Под ноги попался камень, и Катя полетела на землю. Ладони и колени обожгло резкой болью. Она вскрикнула и распласталась в пыли, ударившись лбом. Из груди рвались судорожные всхлипы, и сдерживать себя у Кати больше не было сил – она разрыдалась как маленький ребёнок и стала молотить по земле руками.

– Да чтоб она сдохла, эта твоя Софья! – завывала девушка. – Чтоб она сдохла! Сдохла!

Через полчаса она, наревевшись до икоты, кое-как поднялась на ноги и устало поплелась к дому.

***

Утром умерла бабушка. Сперва Катя не поняла – та спала, как обычно. А когда она подошла к ней со стаканом травяного отвара, увидела, как заострились внезапно черты лица, как запали закрытые морщинистыми веками глаза. Кожа приобрела землистый оттенок, рот чуть приоткрылся.

Катя испуганно отпрянула, выронив стакан, и принялась хрипло звать дядю Стёпу. Он всё не шёл, а у неё в груди разливался мертвенный суеверный ужас, отвести взгляд от бабушки не получалось.
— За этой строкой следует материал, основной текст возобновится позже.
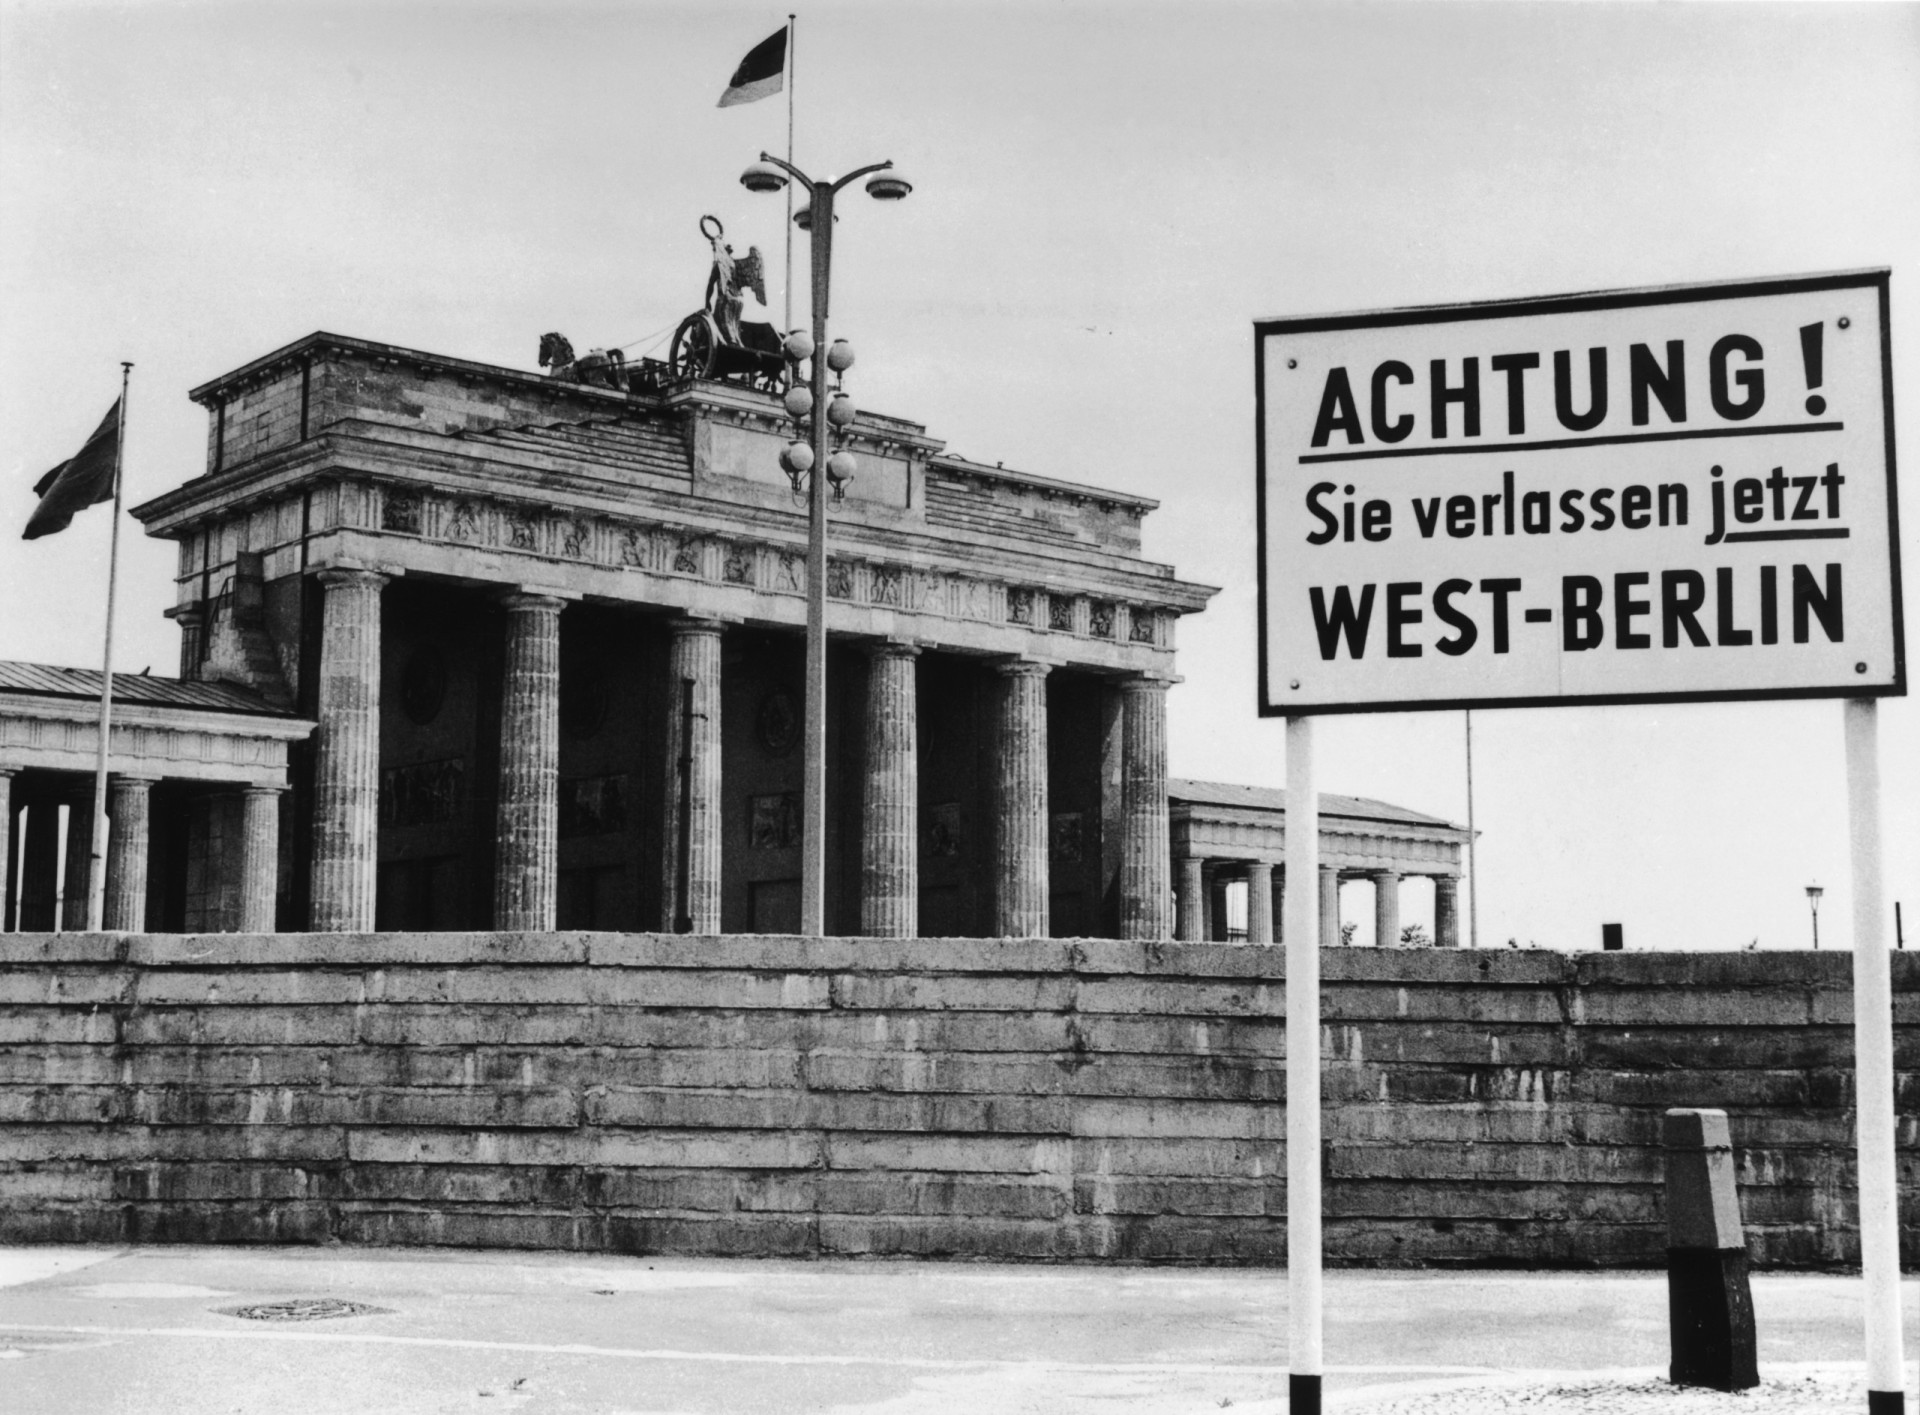 <p>Die Berliner Mauer wurde auf Anweisung des ostdeutschen kommunistischen Politikers Erich Honecker errichtet, um die Massenauswanderung der Deutschen von Ost- nach West-Berlin zu verhindern. Sie war eine schwer bewachte Barriere, die die Stadt von 1961 bis 1989 physisch und ideologisch teilte. In einem größeren Zusammenhang wurde die Mauer zum Symbol für den "Eisernen Vorhang", der Westeuropa und den Ostblock während des Kalten Krieges trennte. Sie wurde in nur zwei Wochen errichtet, zunächst als behelfsmäßige Mauer aus Stacheldraht und Betonblöcken. Doch schon bald wurde sie verstärkt und zu einem tödlichen Hindernis für alle, die im Westen nach Freiheit suchten.</p> <p>Klicken Sie sich durch diese Galerie und lassen Sie sich daran erinnern, wie schnell die <a href="https://de.starsinsider.com/lifestyle/433166/erinnerungen-an-die-berlin-blockade" rel="noopener">Berliner</a> Mauer gebaut wurde und wie sie eine ganze Stadt in zwei Hälften teilte.</p><p>Sie können auch mögen:<a href="https://de.starsinsider.com/n/224957?utm_source=msn.com&utm_medium=display&utm_campaign=referral_description&utm_content=564766"> Technisches Versagen mit fatalen Folgen: Diese Katastrophen schrieben Geschichte</a></p>

Наконец в сенях раздались шаги, скрипнула дверь.

– Чего орёшь дурниной?

Катя повернула к нему голову и прижала обе ладони к груди, чтобы унять бешено колотящееся сердце. У ног валялись крупные толстые осколки стекла, растекалась лужа желтоватого цвета.

– Ой! – выдохнула Катя. – Ой, дядь Стёп! Кажись, бабка-то того… померла!..

– Тю! – испугался дядя Стёпа и кинулся к кровати.

Через минуту стало ясно: бабушка и правда отошла в мир иной. Катя истерично рыдала, сжавшись в комок у печки и боясь даже поглядеть в сторону узкой койки, где лежала покойница. Дневной свет сочился в полузанавешенное окно и освещал её морщинистое лицо, которое стало похоже на восковую маску.

– Что теперь делать? – всхлипывая, причитала она. – Что делать-то, дядь Стёп?

Дядя Стёпа сидел на лавке и нервно смолил самокрутку. Катя впервые не ругалась на него за курево – сейчас ей было абсолютно всё равно.

– Что-что, – вздохнул он. – Хоронить будем, как всех, не в поле же гнить вынесем. Отмучилась старая…

Его слова вызвали у Кати новый взрыв истерики. Она заверещала, прикусив кулак, закачалась из стороны в сторону.

– Да не ори ты! – сердито прикрикнул дядя Стёпа. – Ишь, развела тут мокротень! Что, мёртвых никогда не видала, что ль?

Катя замотала головой.

– Нет.

– Нет! – передразнил её дядя. – Мамка когда твоя помёрла, что, не видала её в гробу?

– Так то в гробу! – всхлипнула Катя.

На похороны собралась вся деревня. Катя, с ног до головы закутанная в чёрное, тряслась, как осиновый лист на ветру. Она уже не боялась, но успокоиться никак не получалось. Отныне из родных у неё один только дядька и остался, сирота она теперь круглая. Из глаз катились крупные слёзы и капали на рубашку с узкой лентой кружев на отворотах и наглухо застёгнутым воротником. Люди едва слышно шептались между собой, подходили по очереди к гробу, чтобы попрощаться с покойницей. В свете солнца та почему-то выглядела по-другому, не так, как избе – словно бы просто уснула, и поэтому Катя никак не могла по-настоящему поверить в её смерть.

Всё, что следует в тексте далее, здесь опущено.